• Estudo aponta tratamento promissor no combate a câncer cerebral agressivo e sem cura

    SÃO PAULO, SP (FOLHAPRESS) – Um estudo experimental liderado por cientistas americanos e canadenses identificou um tratamento promissor no combate ao glioblastoma, uma das formas mais agressivas de câncer cerebral e que não tem cura. Os resultados da pesquisa foram publicados na revista Nature Medicine no último dia 2.

     

    Os pesquisadores do Singh Lab da Universidade McMaster descobriram o caminho usado por células cancerígenas para infiltrar o cérebro. Com a terapia, a via de acesso foi bloqueada para impedir a disseminação do glioblastoma e eliminar as partes do tumor que não podem ser removidas em cirurgia.

    O estudo identificou que uma proteína, chamada de ROBO1, atua como um “guia de GPS” no corpo, onde as células tumorais são guiadas e aprendem o caminho para invadir o cérebro. O tratamento, portanto, tem essa proteína como alvo.
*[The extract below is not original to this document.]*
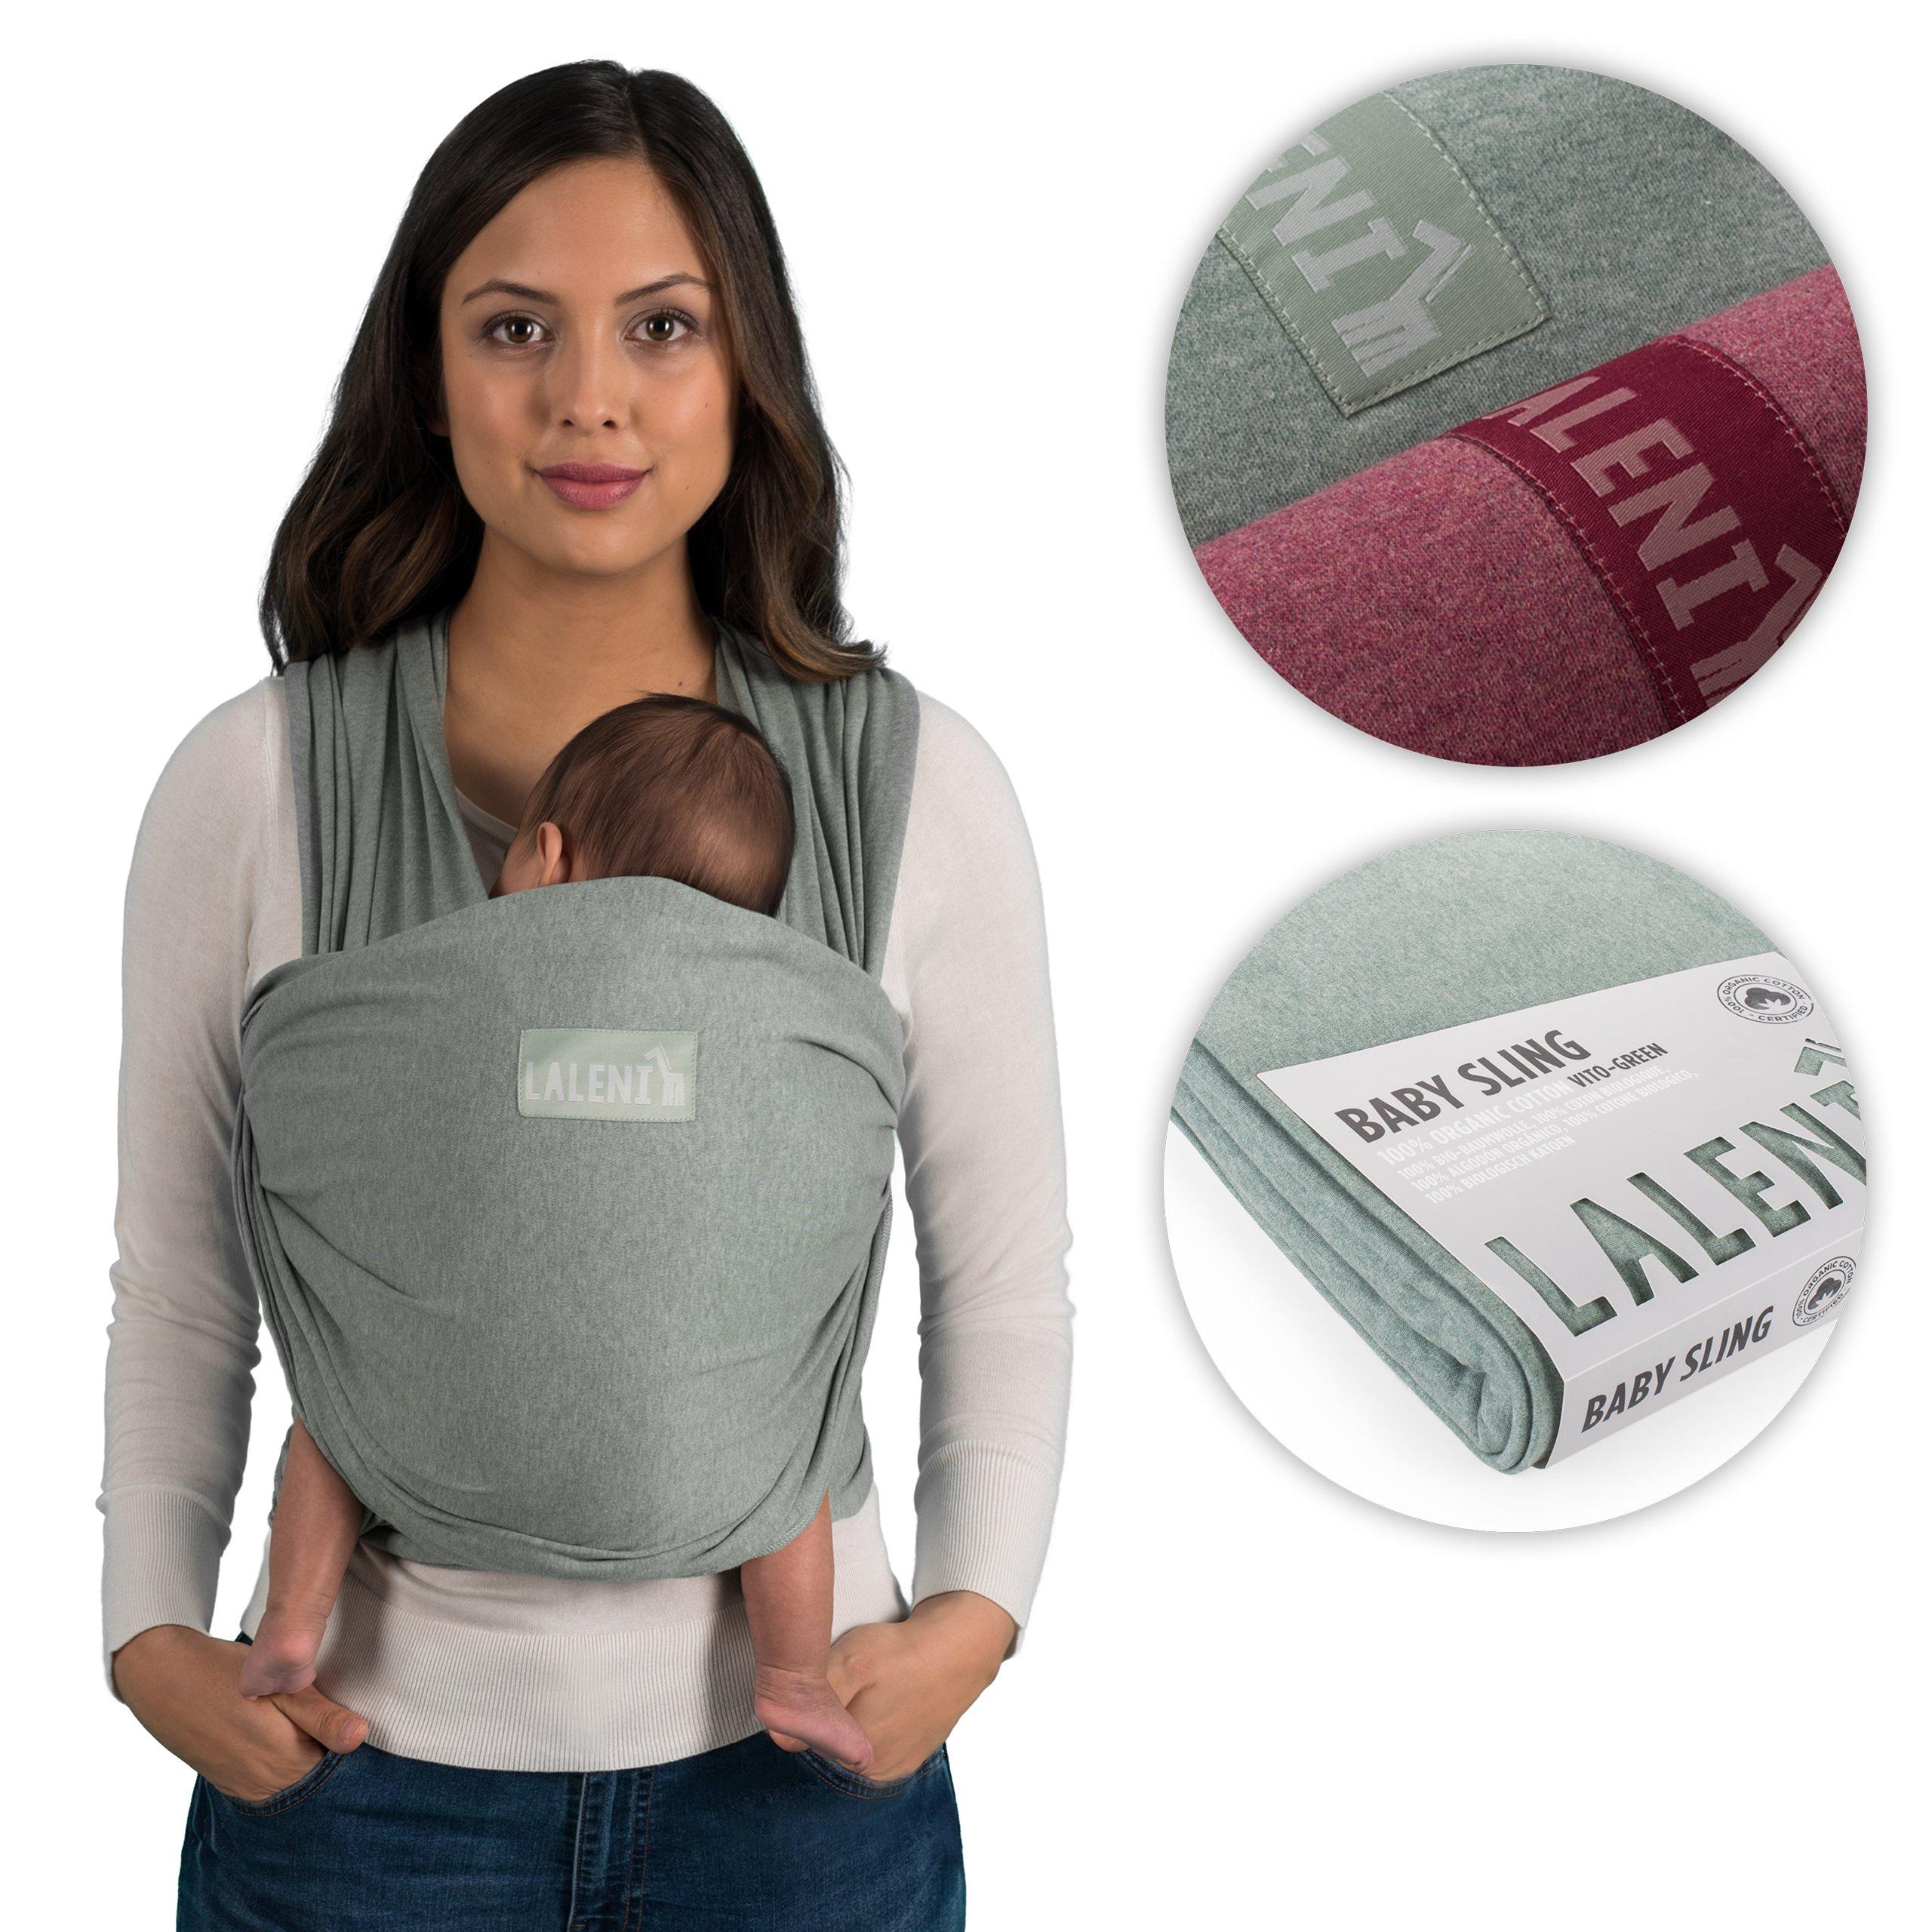 Fular portabebés de Laneli, 100 % algodón ecológico, para recién nacidos de hasta 15
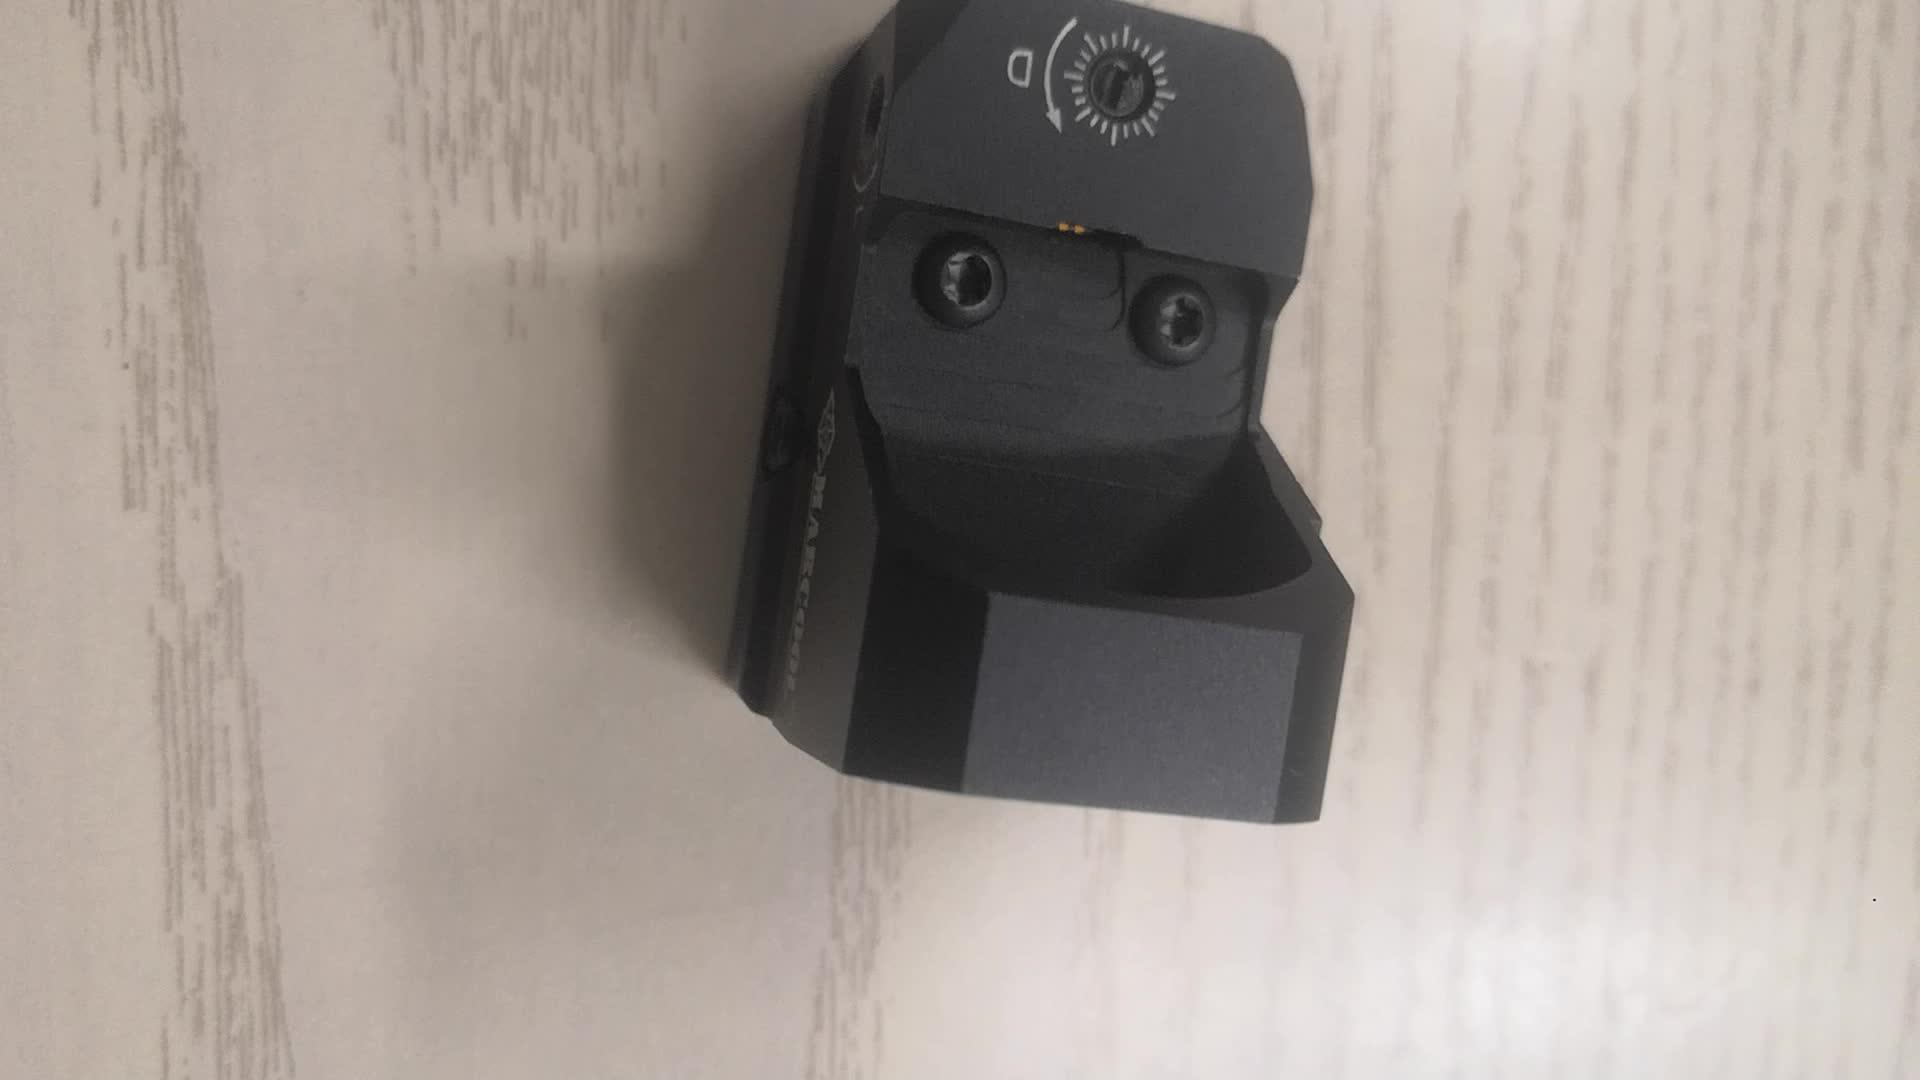 Airsoft कार्बाइन शूटिंग ऑप्टिक सामरिक लाल डॉट बंदूक जगहें निशान कैमरा

    Três tipos diferentes de câncer foram testados com o tratamento, incluindo glioblastoma, metástase pulmonar no cérebro em adultos e um tipo de blastoma da medula em crianças. Em todos, a terapia dobrou o tempo de sobrevivência e em dois dos três tipos de doenças, levou à erradicação do tumor em pelo menos 50% dos camundongos.

    “Se conseguirmos bloquear esse caminho, a esperança é que possamos impedir a disseminação invasiva do glioblastoma e eliminar as células tumorais que não podem ser retiradas cirurgicamente”, disse em comunicado a coautora principal Sheila Singh, professora do Departamento de Cirurgia da McMaster e diretora do Centro para Descobertas em Pesquisa do Câncer.

    Os cientistas adotaram estratégias diferentes para bloquear a invasão das células cancerígenas. Entre elas, os pesquisadores desenvolveram uma nova terapia que utiliza células CAR-T, quando as células do sistema imunológico do paciente são modificadas, para impedir que o tumor chegue ao cérebro.
    Com os resultados promissores do tratamento em animais, os autores do estudo afirmam que a terapia está pronta para ser mais desenvolvida em ensaios clínicos.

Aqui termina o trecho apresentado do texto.